When she’d arrived, Lucia, the housekeeper who managed the huge white stucco hacienda that was the Castellano estate, had greeted her like a long-lost daughter and had told her that ‘Señor Sebastián’ was in the stables looking over a new purchase. Lucia had tried to get Alice to sit down and have something cooling to drink, but Alice had insisted on seeing Sebastián immediately. She wanted to get this over and done with as soon as possible, so Lucia had got Tomas, the stable manager, to bring her to Sebastián.
Which was why she was now standing here in the baking sun, watching said ‘new purchase’, the beautiful horse, come to a stop directly in front of Sebastián. He pulled something out of his pocket, an apple, and held it out in his palm. The stallion dropped his head, soft mouth closing around the fruit, eating it directly from Sebastián’s hand.
It was oddly mesmerising to watching Sebastián reach out and stroke the horse’s soft nose. He had a magic touch with the animals, Emily had once told her, pulling a face as she did so. In fact, he’d seemed to like the horses more than he did her, which was a regular complaint from Emily. Alice hadn’t taken any notice, which in retrospect had been a mistake. She’d thought it was Emily being dramatic and annoyed at not having attention twenty-four-seven, but apparently it hadn’t been.
The stable manager opened the corral gate and went in, going over to where Sebastián stood.

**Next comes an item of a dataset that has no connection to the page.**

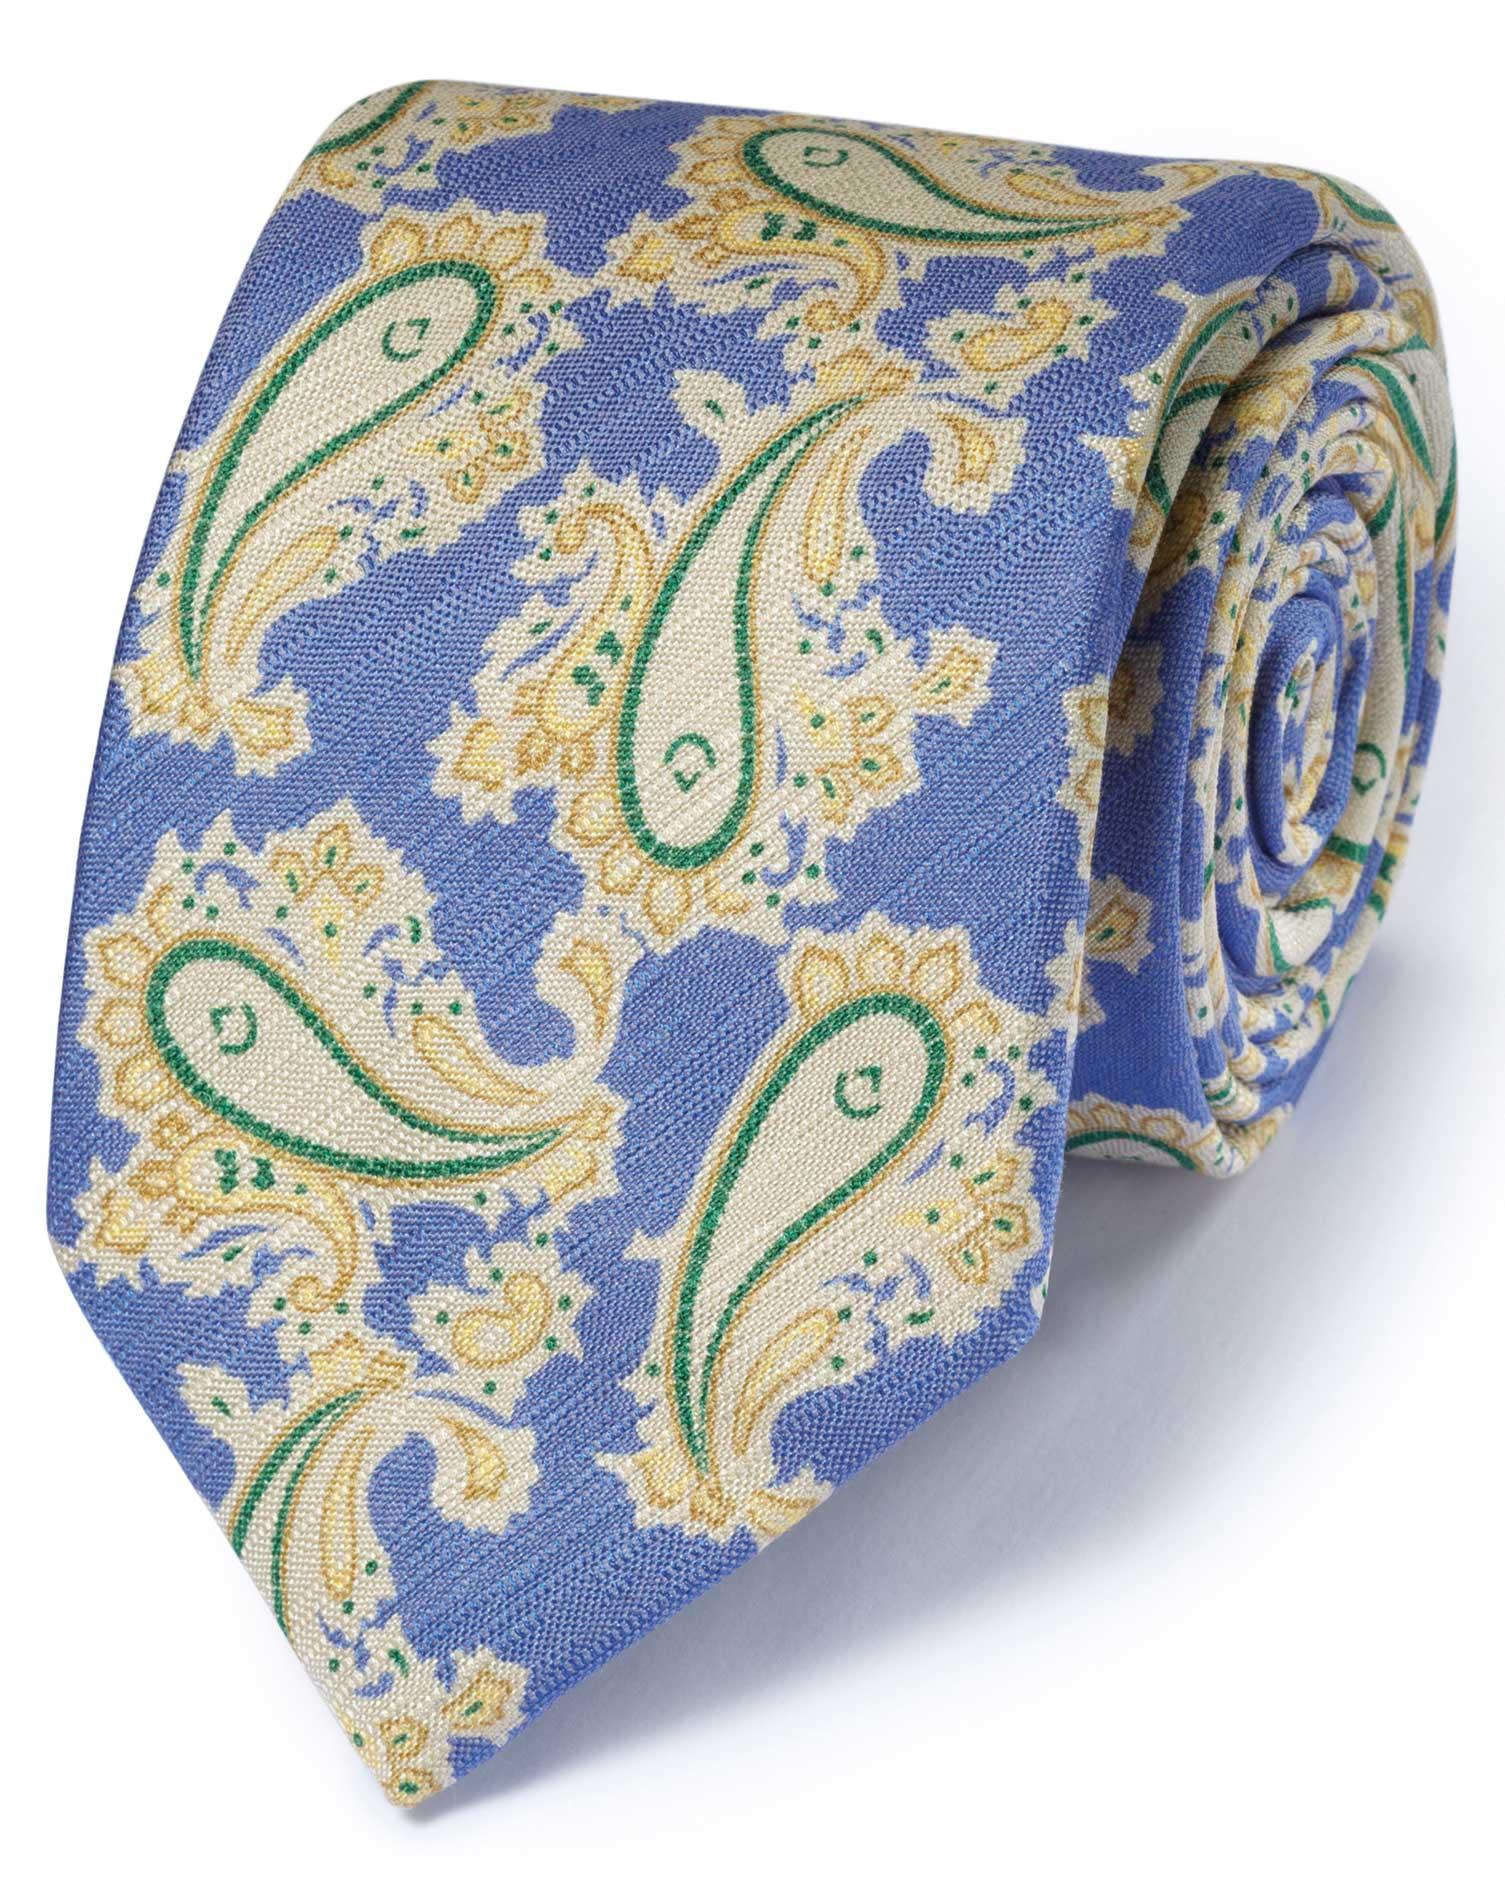 Blue Cotton Mix Printed Paisley Italian Luxury Tie Size OSFA by Charles Tyrwhitt

There was a brief conversation in rapid Spanish before Sebastián’s head turned sharply in Alice’s direction.
And as it always did whenever he looked at her, all the air escaped her lungs, and her heart began to race.
It happened every single time.
She hated it.
She’d first met him five years earlier, after his and Emily’s whirlwind wedding. They’d come out to New Zealand to meet the in-laws, and it had happened then too, as they’d stood awkwardly on her parents’ deck overlooking Waitemata Harbour. The moment his golden eyes had met hers, she’d felt an almost visceral impact. The gut punch of fierce physical attraction, and more than that, for her at least. She hadn’t been able to put into words the nature of the emotion that had coursed through her, only that somehow a fire in her had responded to a fire in him, recognising a kindred spirit.
She had no idea why. She didn’t know him, had never met him before that day. It was just something about him that had reached inside her and closed its fingers around her heart. But she’d been married to Edward and he’d just married Emily and so there had been nothing to be done about it.